Exercise data Start Marker
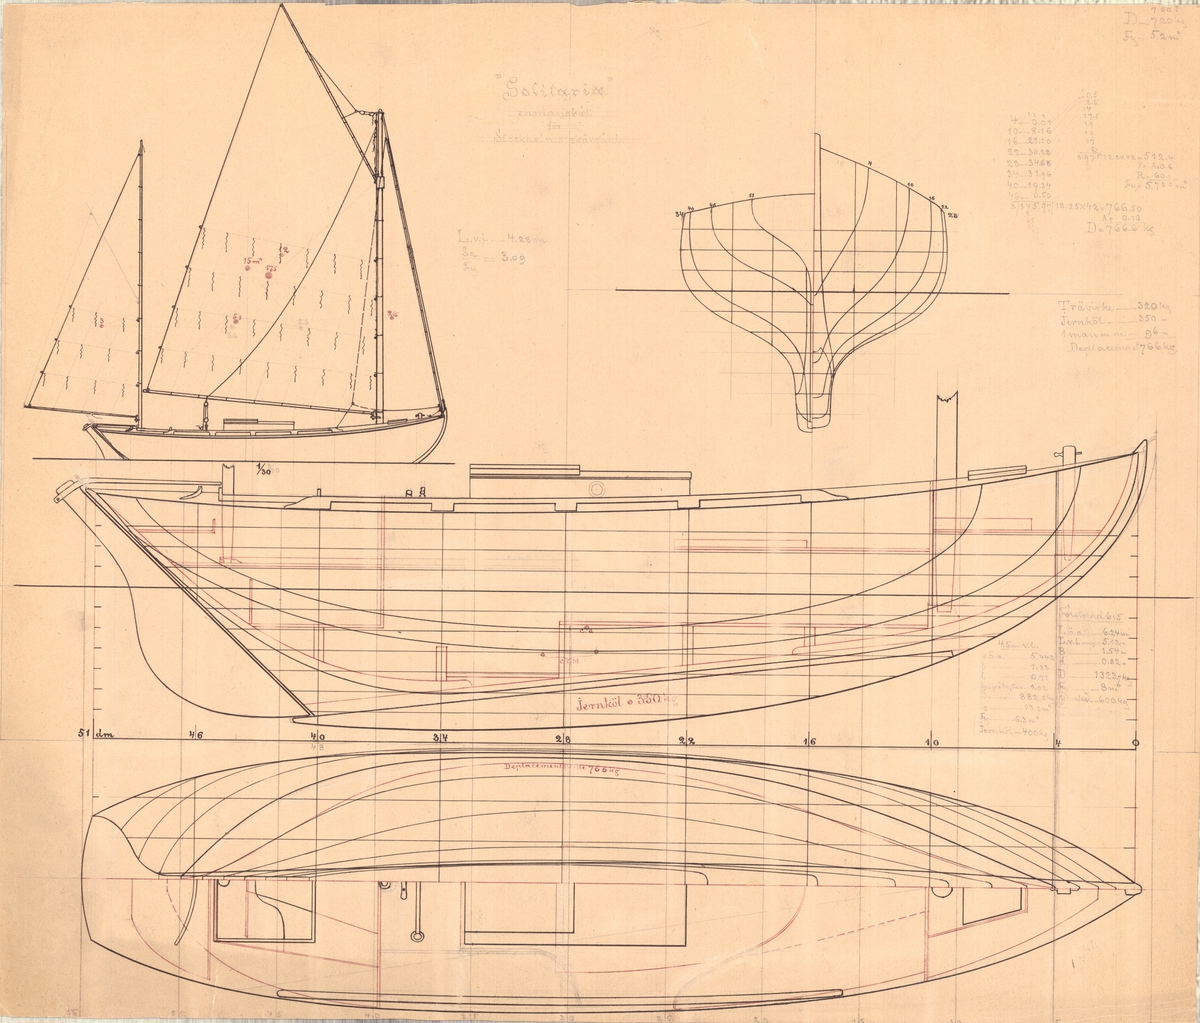 Tvåmastad segelbåt
Spantruta, rigg-, profil- och linjeritning
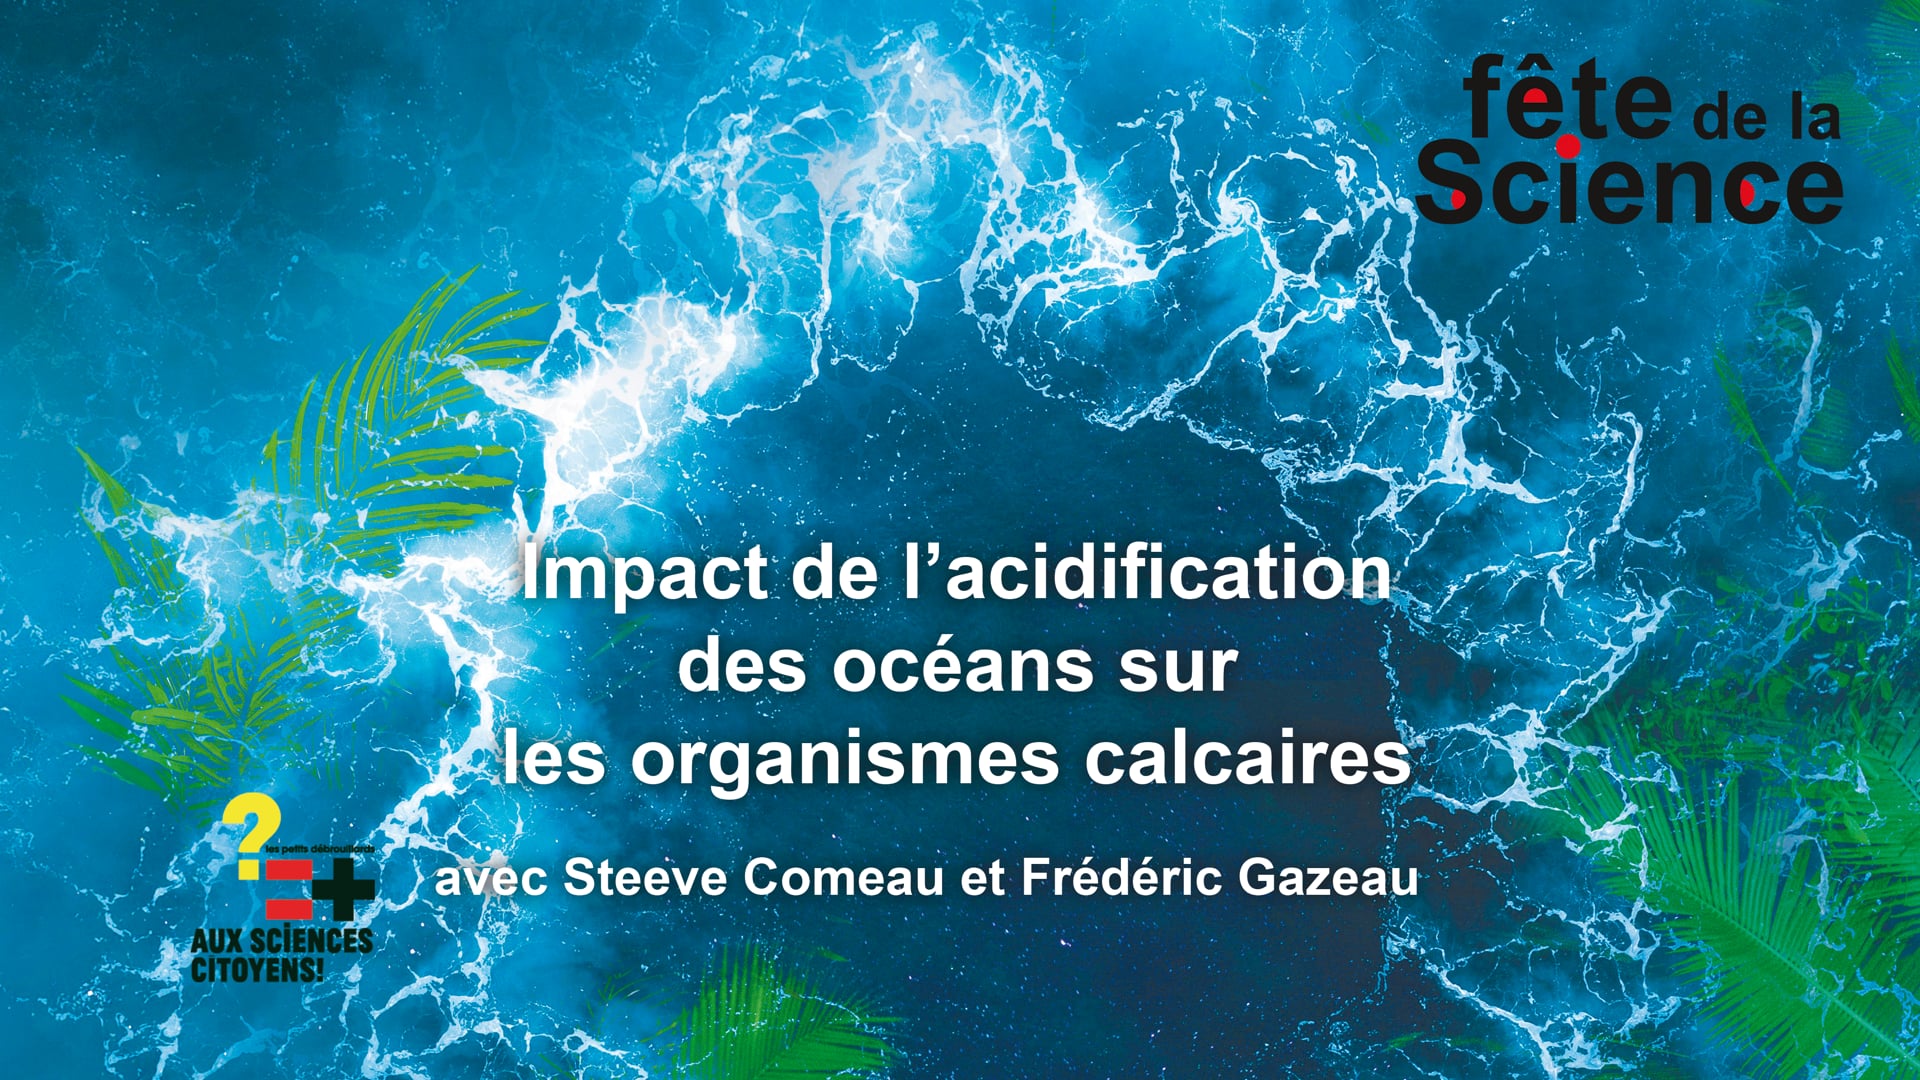 Impact de l’acidification des océans sur les organismes calcaires - avec Steeve Comeau et Frédéric Gazeau - Live
Exercise data End Marker
Task goal> None of the pictures belong in the copy; transcribe the rest of the data exactly.

Reply>
 Tvåmastad segelbåt
Spantruta, rigg-, profil- och linjeritning
 Impact de l’acidification des océans sur les organismes calcaires - avec Steeve Comeau et Frédéric Gazeau - Live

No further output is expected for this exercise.